AHRQ has worked hand-in-hand with frontline clinicians to help them use CUSP in a series of nationwide projects that have been highly effective in preventing healthcare-associated infections.
“AHRQ has been building a foundation of patient safety research for the last decade and a half at the request of Congress,” said AHRQ director Andy Bindman, M.D.
“Now we’re seeing these investments continue to pay off in terms of lives saved, harm avoided, and safer care delivery overall. We’re gratified by the progress, and we look forward to building on this work to help make patient care even safer as the work continues.”
AHRQ works with its HHS colleagues, researchers, doctors, nurses, other health care professionals, and health care teams across the country to create new knowledge about how to improve care and make it safer, in areas such as preventing healthcare-associated infections, combating antibiotic resistance, and reducing diagnostic error.
As part of that work, AHRQ has developed a variety of methods, tools, and resources to help hospitals and other providers prevent hospital-acquired conditions, such as infections, pressure ulcers, and falls.
AHRQ also developed the measurement strategy for the National Scorecard as part of the Partnership for Patients initiative. Researchers at AHRQ used national data systems to analyze the incidence of 28 avoidable hospital-acquired conditions that occurred from 2010 to the first three quarters of 2015 and compared them to baseline estimates of deaths and excess health care costs for 2010.

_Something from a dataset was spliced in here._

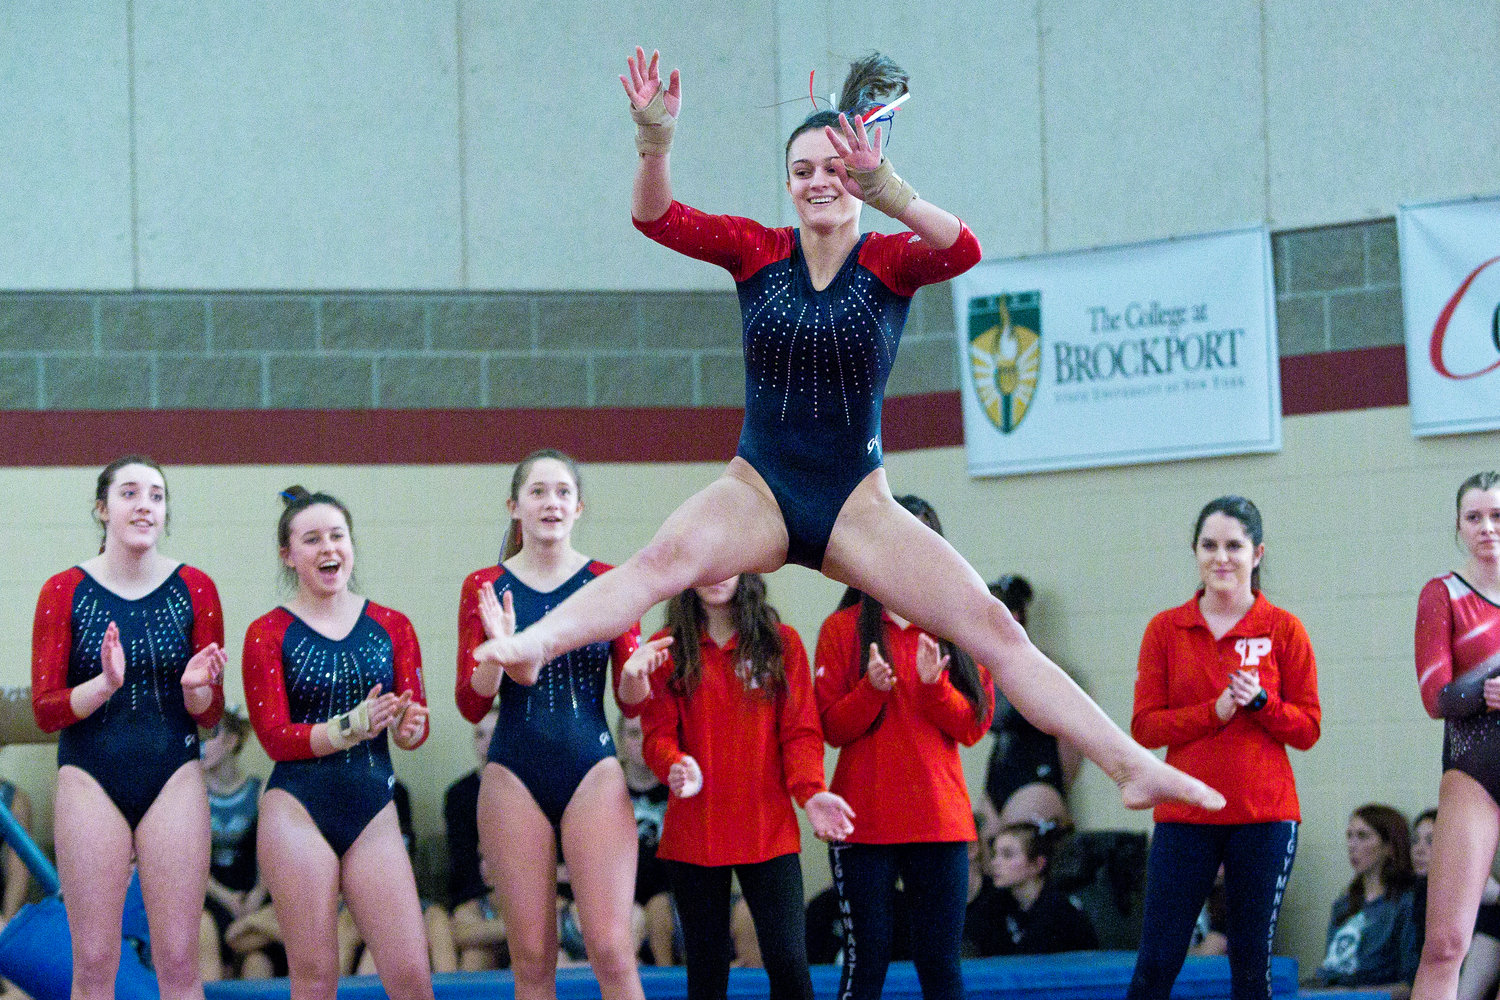 Portsmouth Gymnasts Come In Third Place In State Championship
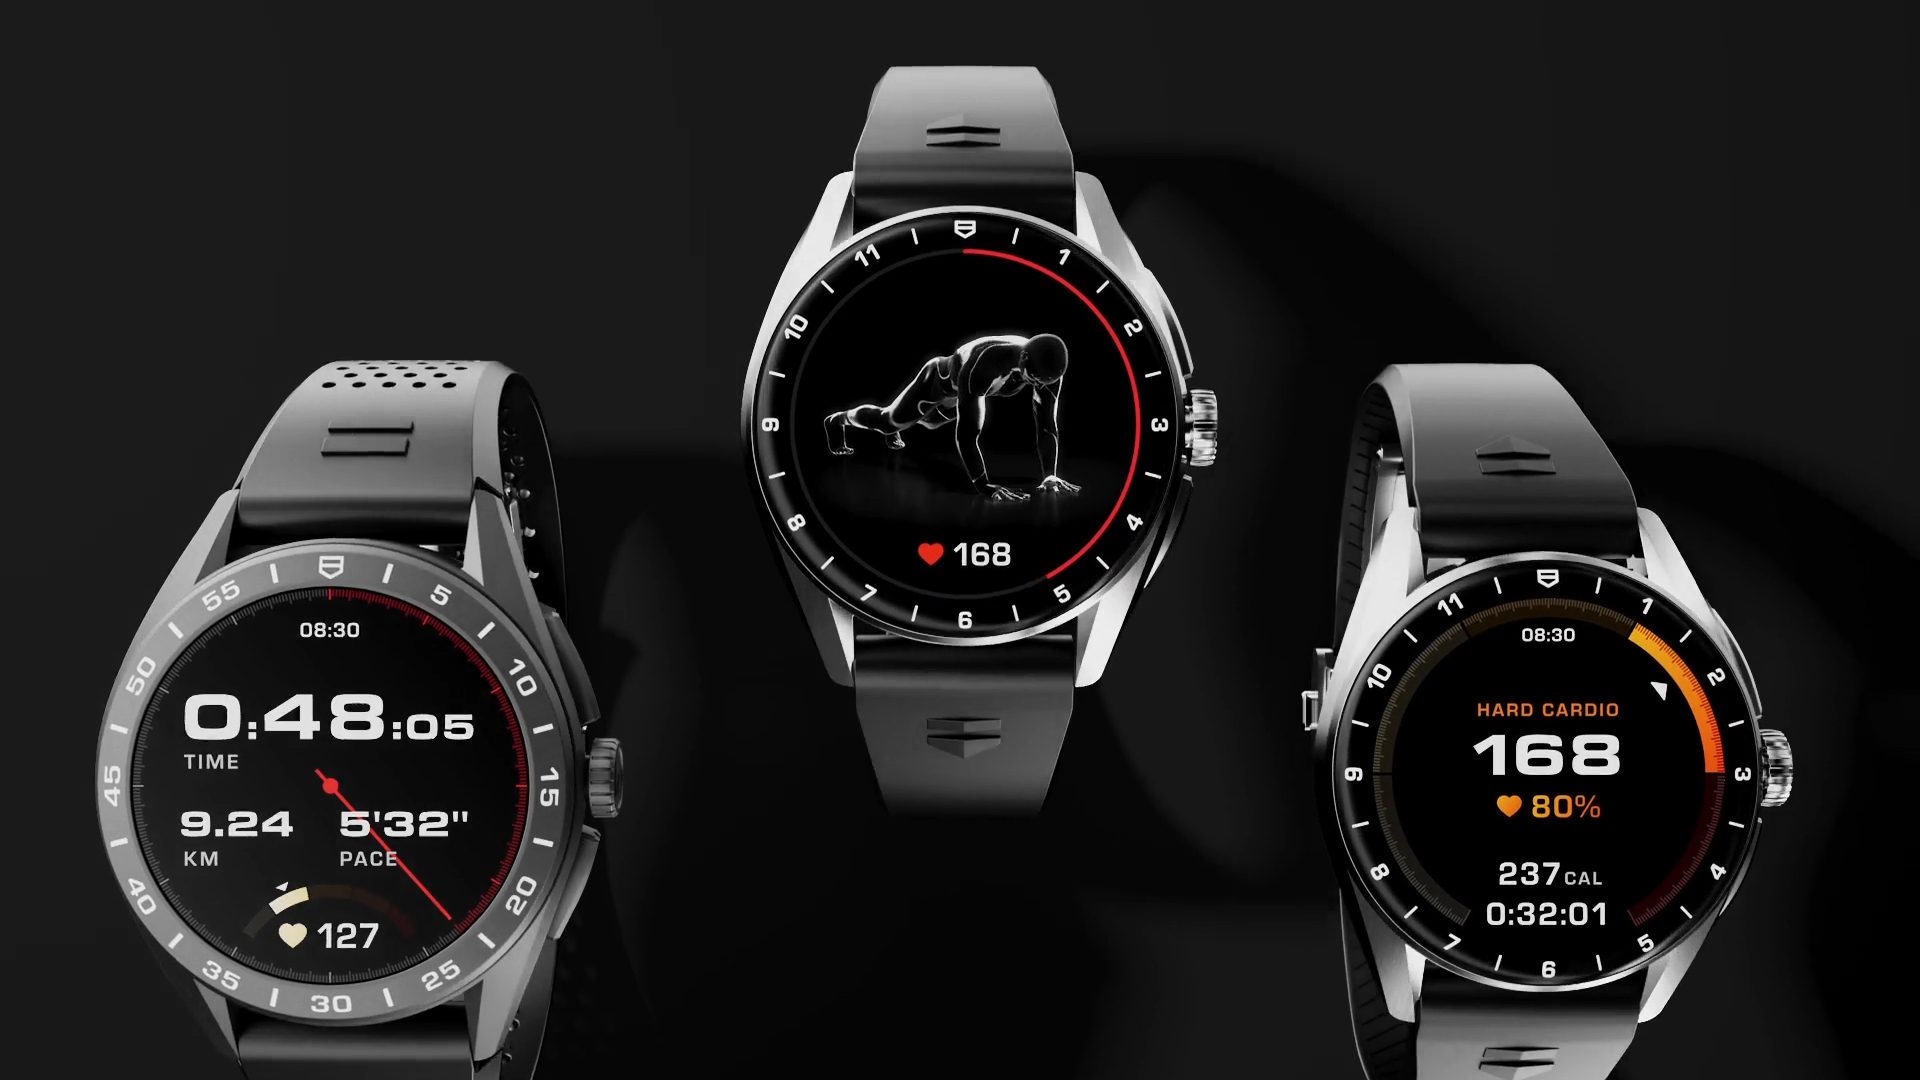 TAG Heuer Connected Calibre E4: Say hello to the virtual coach on your watch

HHS is committed to working with partners to capitalize on this success in improving patient safety and reducing health care costs while providing the best, safest possible care to patients.
Editor’s note: Data for this report are collected on a rolling basis. This report is considered interim because data for the last quarter of 2015 will be added in coming months. Overall findings are not expected to change significantly after additional data are added.